> **What is being asked**:
For this exercise, retype all the data exactly and exclude every image.

> **Supplied data**:
★ ★ ★ ★ ★
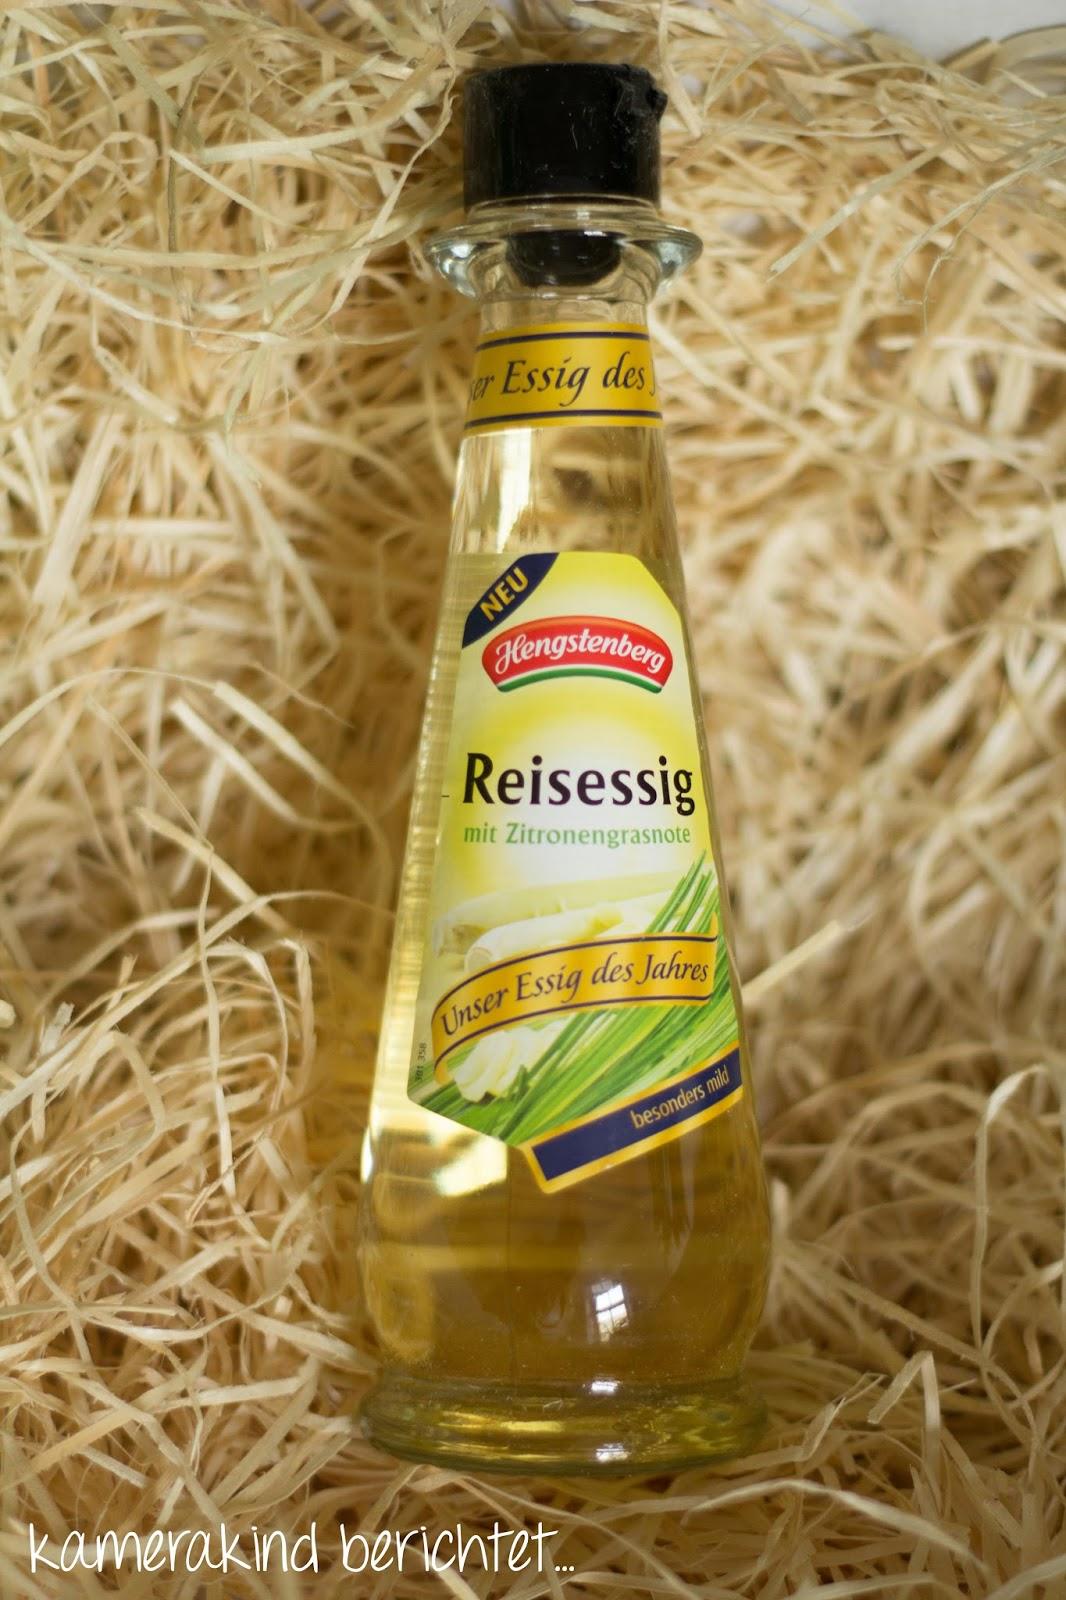 Hengstenberg Reisessig mit Zitronengrasnote
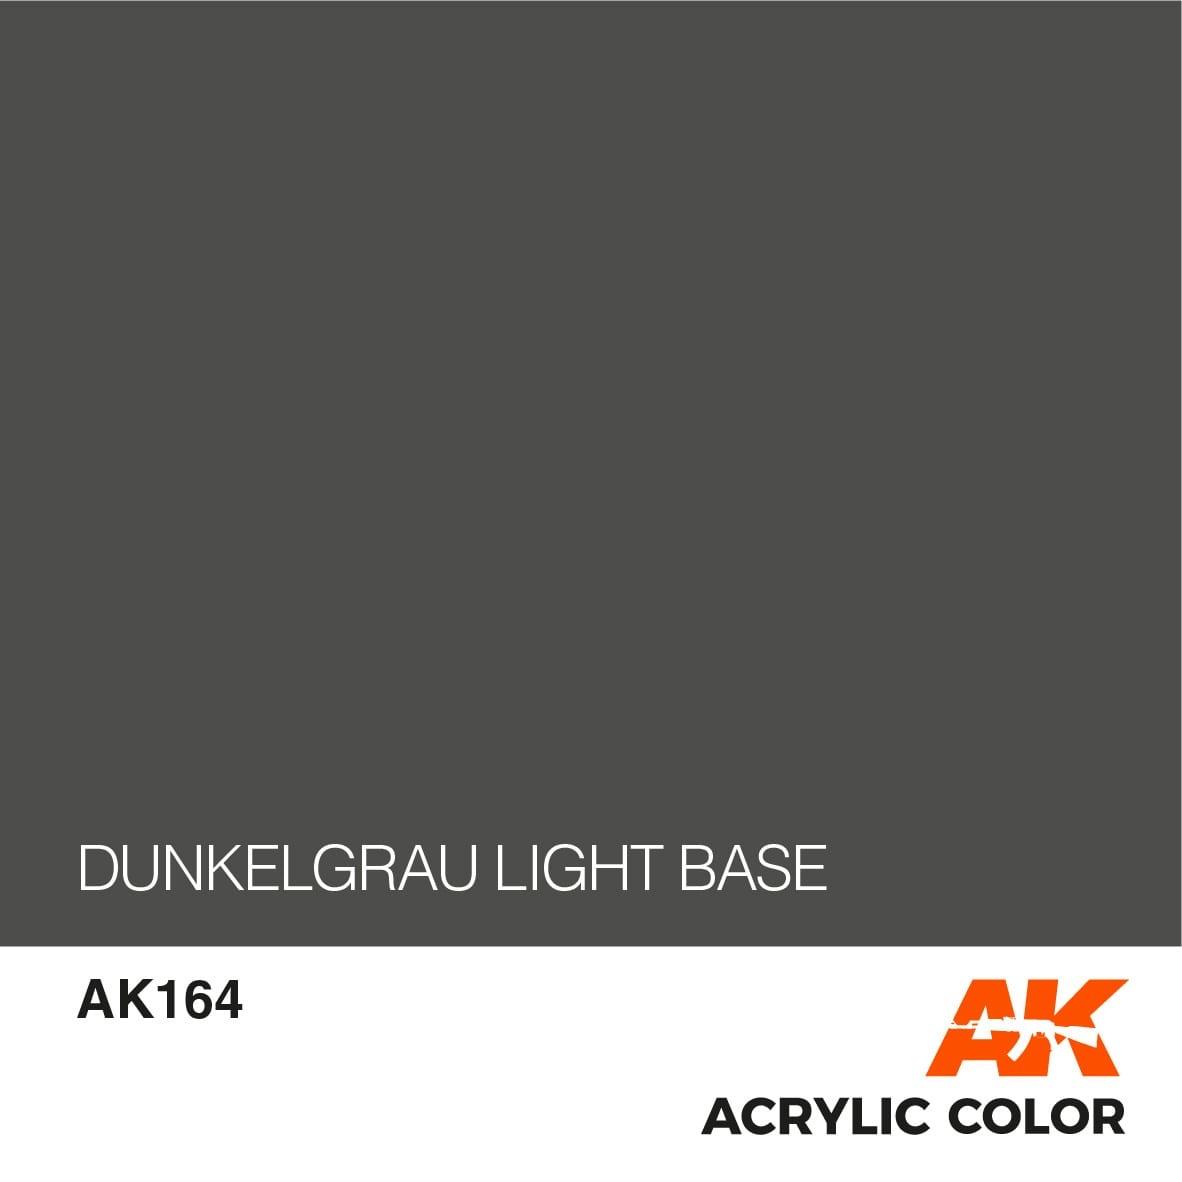 AK-Interactive Dunkelgrau Light Base - 17ml - AK-Interactive - AK-164
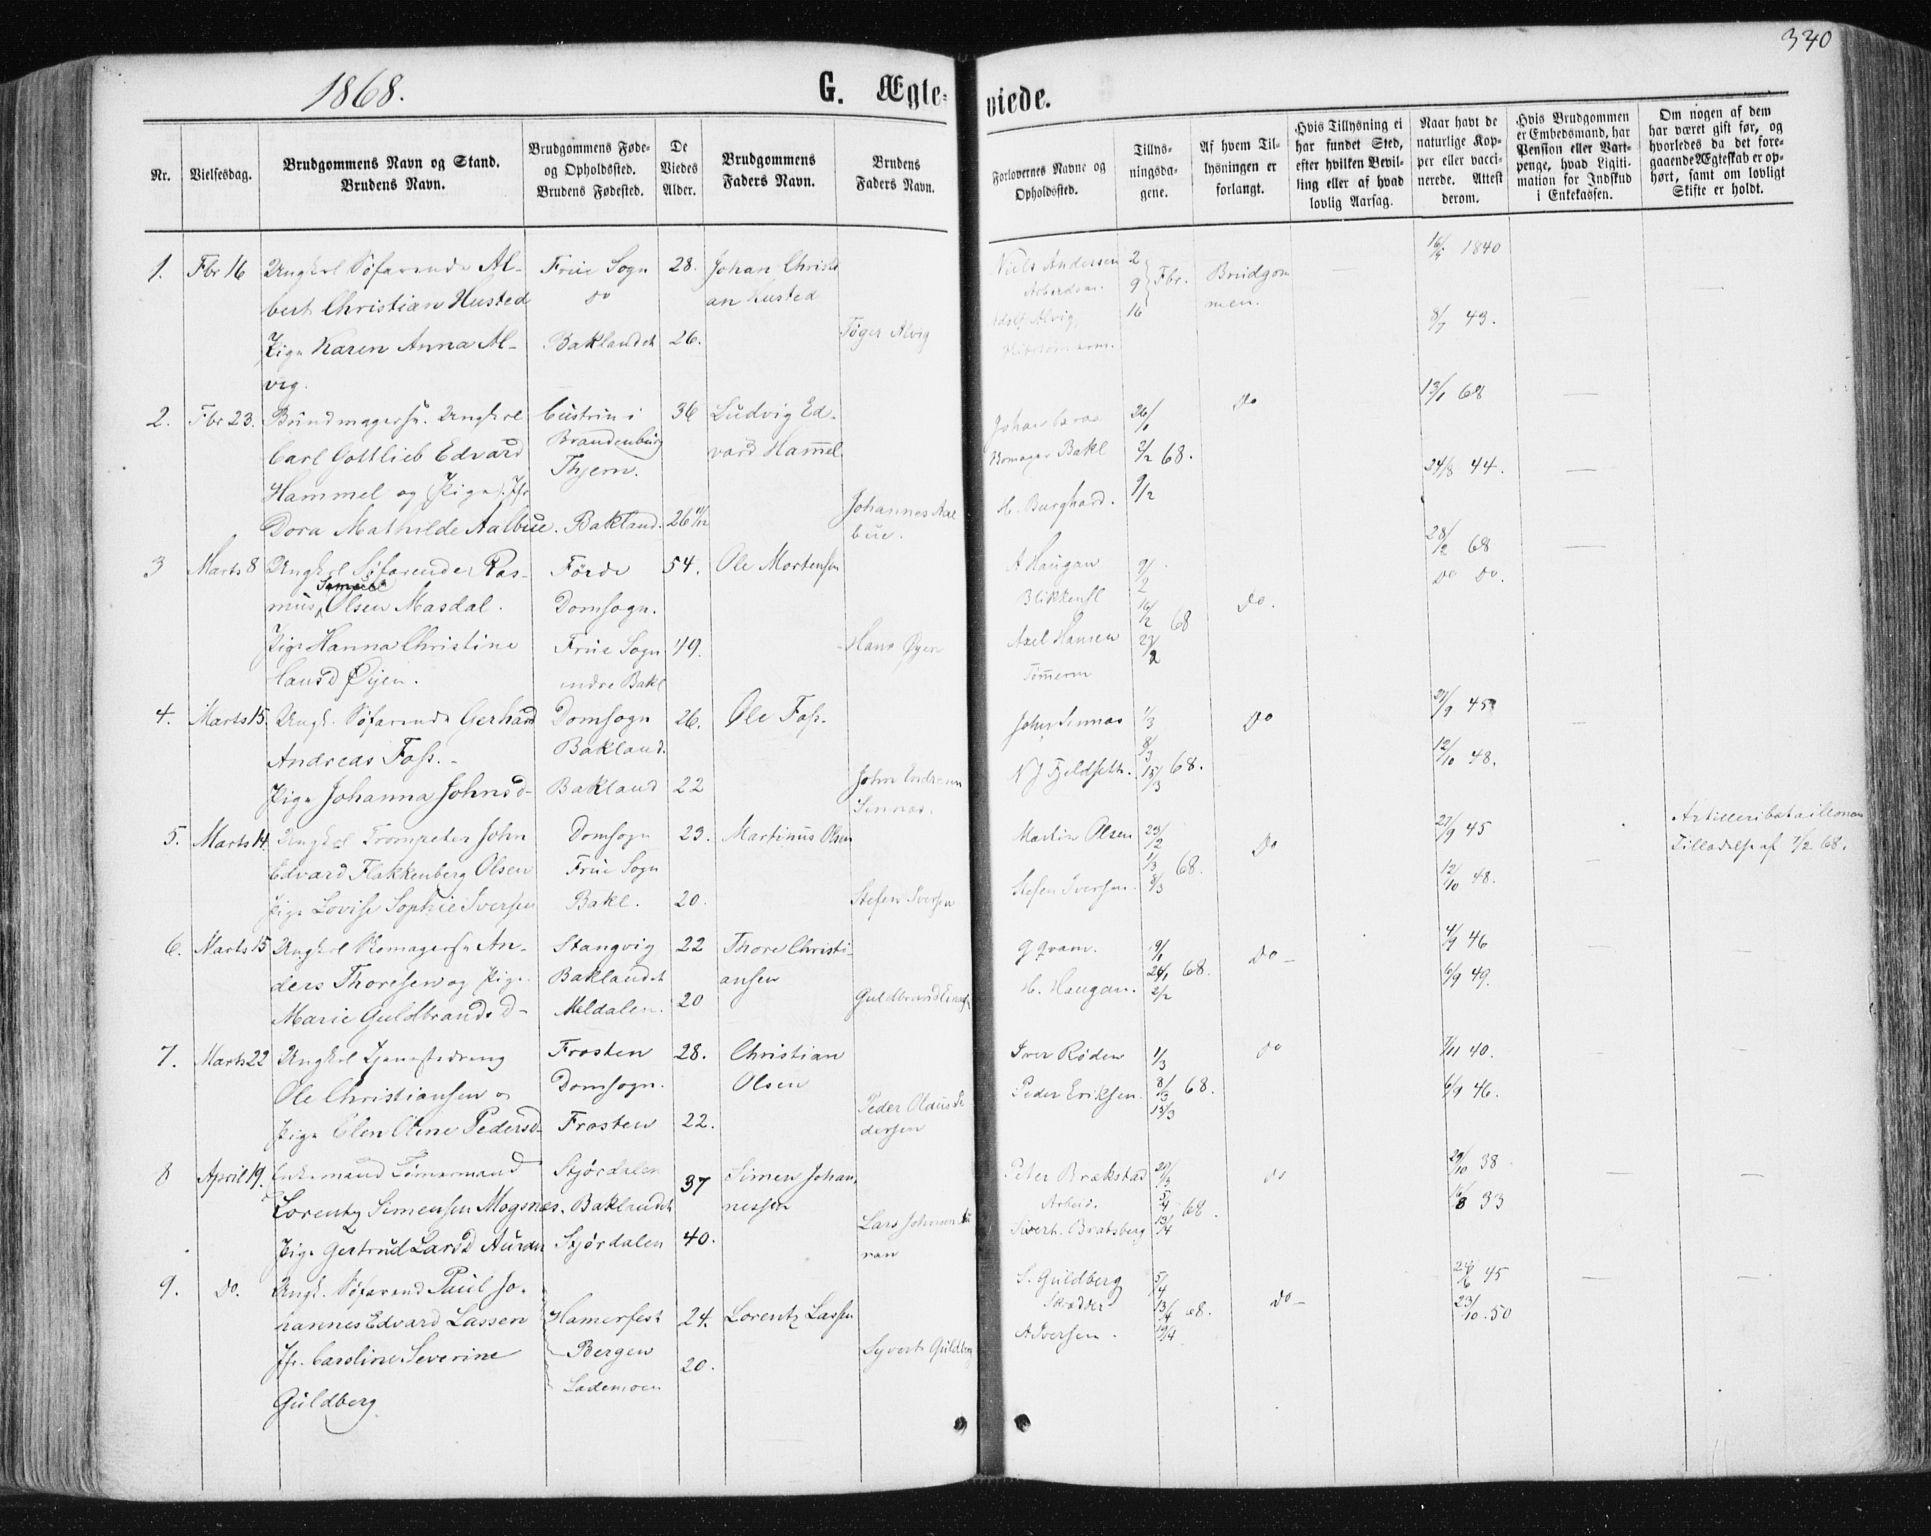 SAT, Ministerialprotokoller, klokkerbøker og fødselsregistre - Sør-Trøndelag, 604/L0186: Ministerialbok nr. 604A07, 1866-1877, s. 340
★ ★ ★ ★ ★
> **Exercise response**:
 Hengstenberg Reisessig mit Zitronengrasnote
 AK-Interactive Dunkelgrau Light Base - 17ml - AK-Interactive - AK-164
 SAT, Ministerialprotokoller, klokkerbøker og fødselsregistre - Sør-Trøndelag, 604/L0186: Ministerialbok nr. 604A07, 1866-1877, s. 340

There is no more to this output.